Set down again exactly the lines of the listing below that fall between the line holding "U.S.A's Abortion and Death penalty - Page 1" and the line holding "District Made Mens", inclusive.

== GIVEN RECORDS ==
+-------+
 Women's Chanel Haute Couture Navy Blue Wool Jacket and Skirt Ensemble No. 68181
+-------+
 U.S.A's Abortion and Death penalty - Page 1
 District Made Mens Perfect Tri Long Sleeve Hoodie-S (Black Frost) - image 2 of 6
+-------+
== SOLUTION FOR THIS PROBLEM ==
 U.S.A's Abortion and Death penalty - Page 1
 District Made Mens Perfect Tri Long Sleeve Hoodie-S (Black Frost) - image 2 of 6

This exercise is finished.